→ **WHAT YOU NEED TO DO**
Pictures in the material below are to be left out, and only the lines from the line with "Die Scupture mit" up to and including the line with "神田たまごけんのコンセプト" are to be written out exactly.

→ **DATA SECTION**
++++++

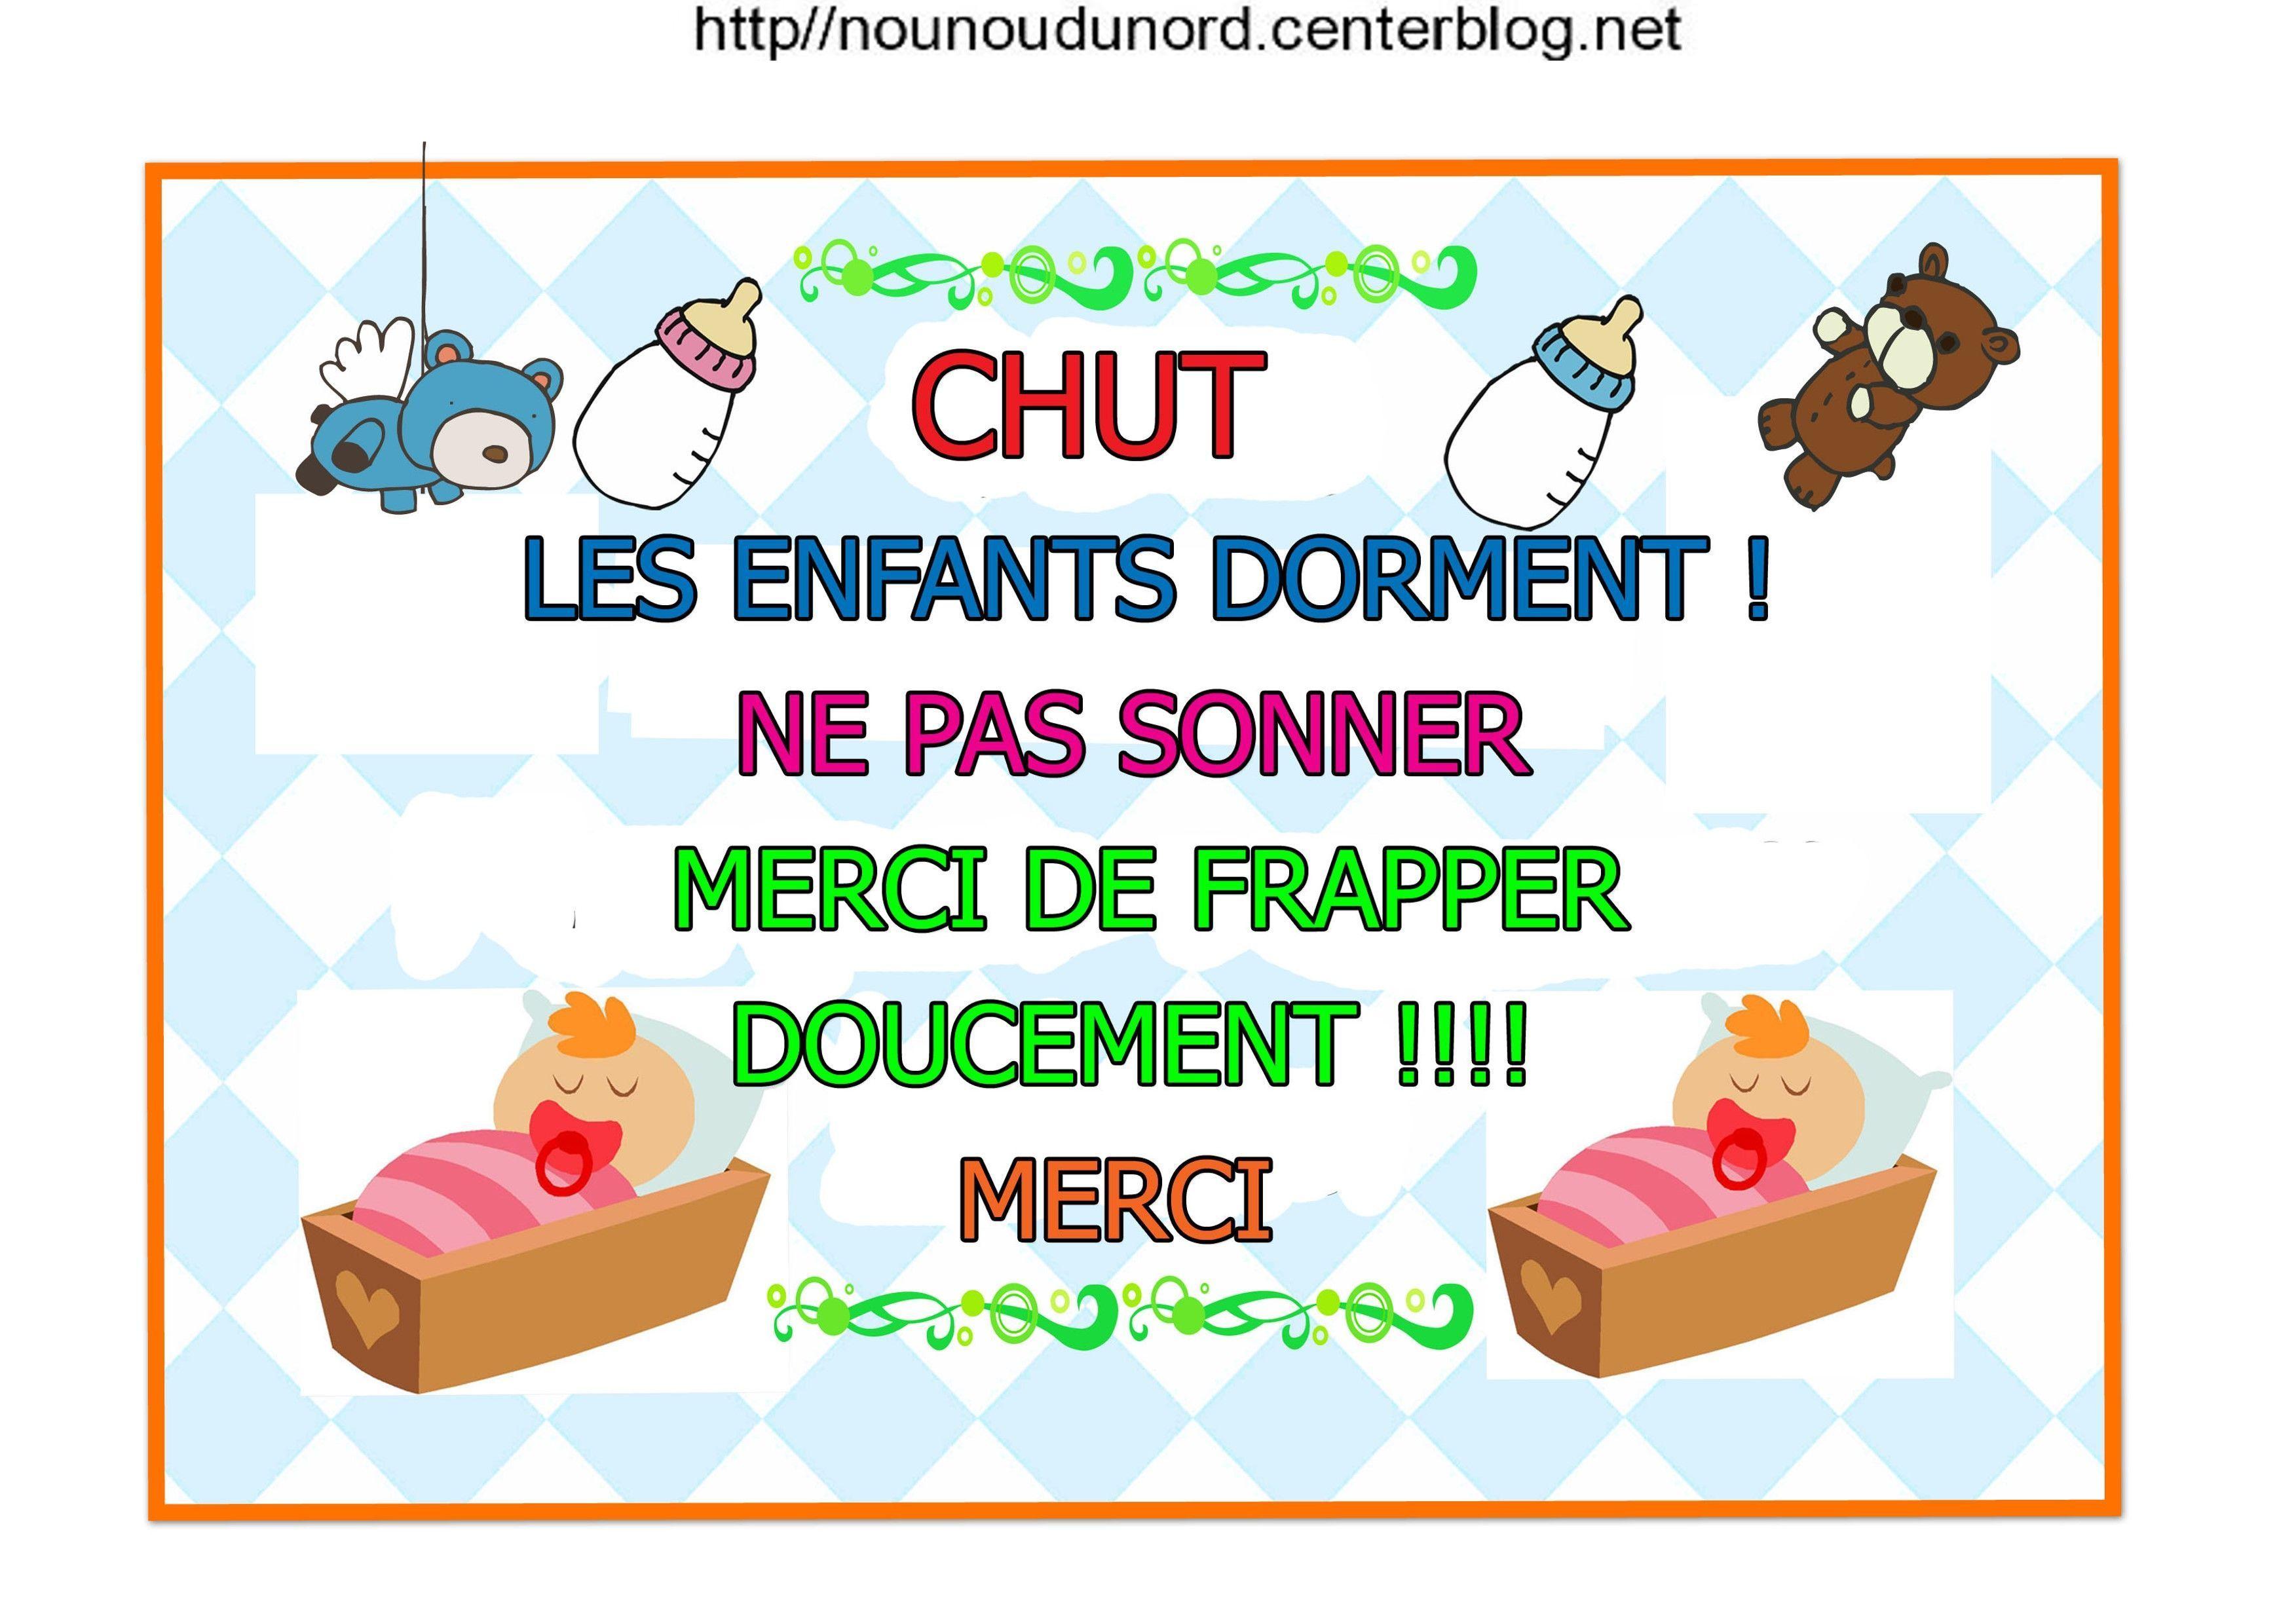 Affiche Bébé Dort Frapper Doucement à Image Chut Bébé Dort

++++++

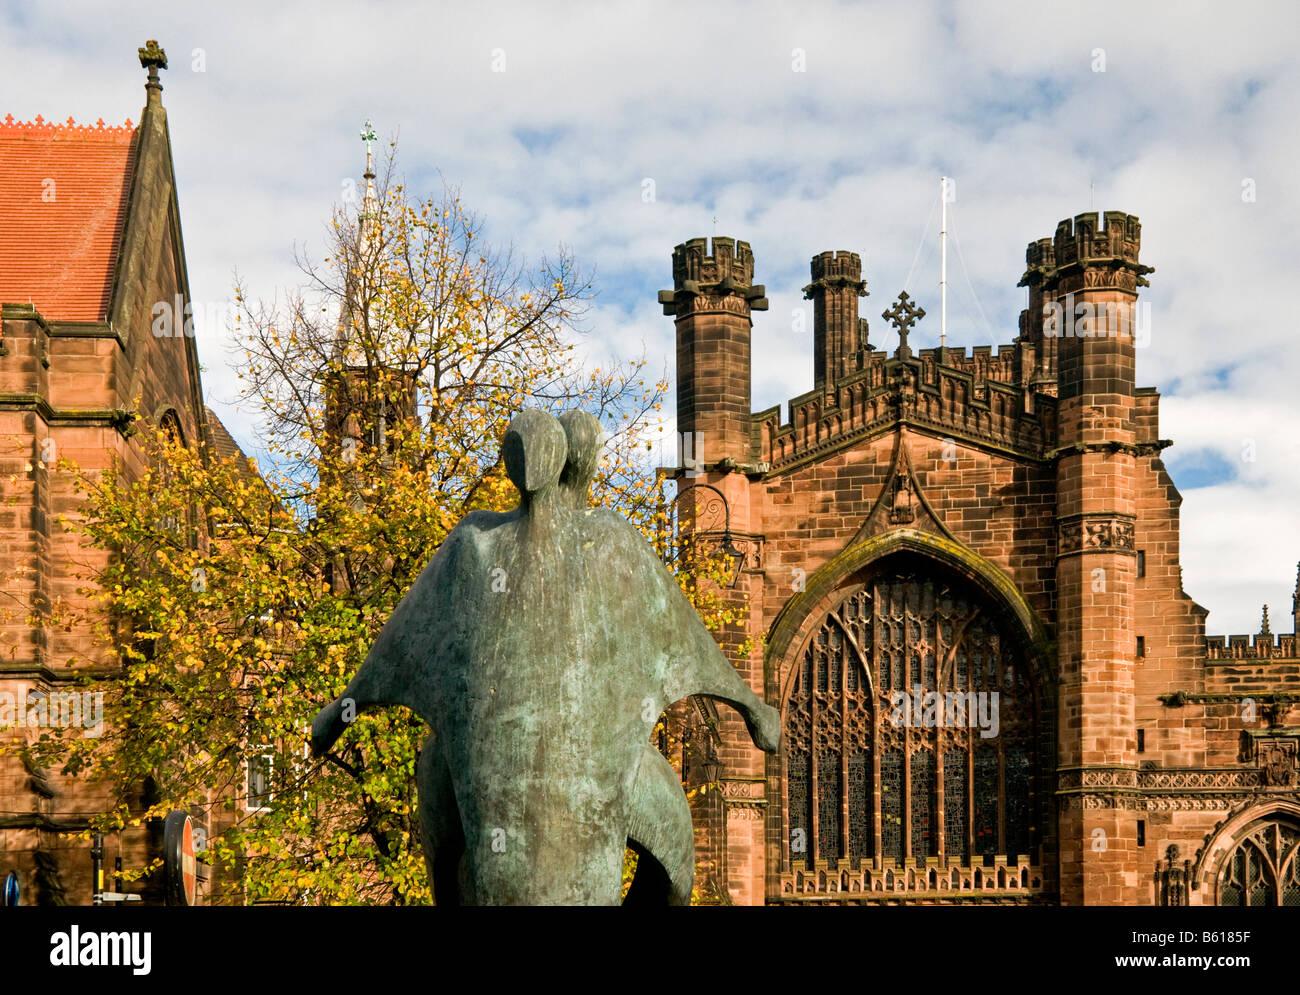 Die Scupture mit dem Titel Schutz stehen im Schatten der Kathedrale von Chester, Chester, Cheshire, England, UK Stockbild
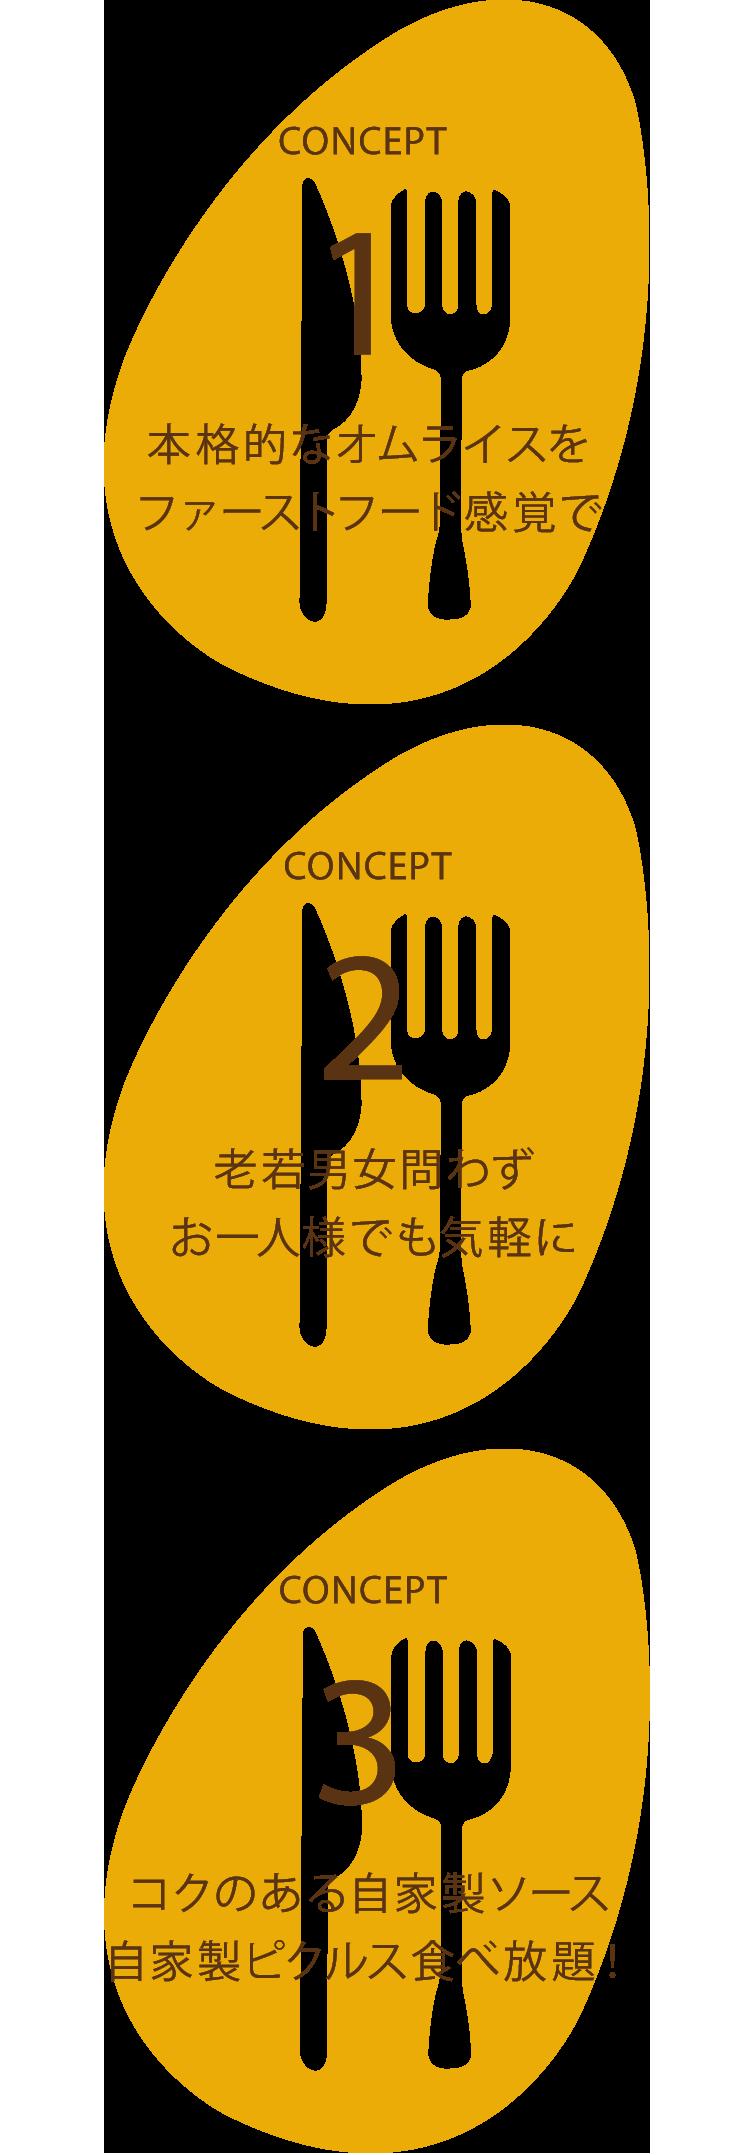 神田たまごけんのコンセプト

++++++

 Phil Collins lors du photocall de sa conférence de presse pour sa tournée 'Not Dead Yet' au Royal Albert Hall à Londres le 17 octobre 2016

++++++

→ **EXERCISE OUTPUT**
 Die Scupture mit dem Titel Schutz stehen im Schatten der Kathedrale von Chester, Chester, Cheshire, England, UK Stockbild
 神田たまごけんのコンセプト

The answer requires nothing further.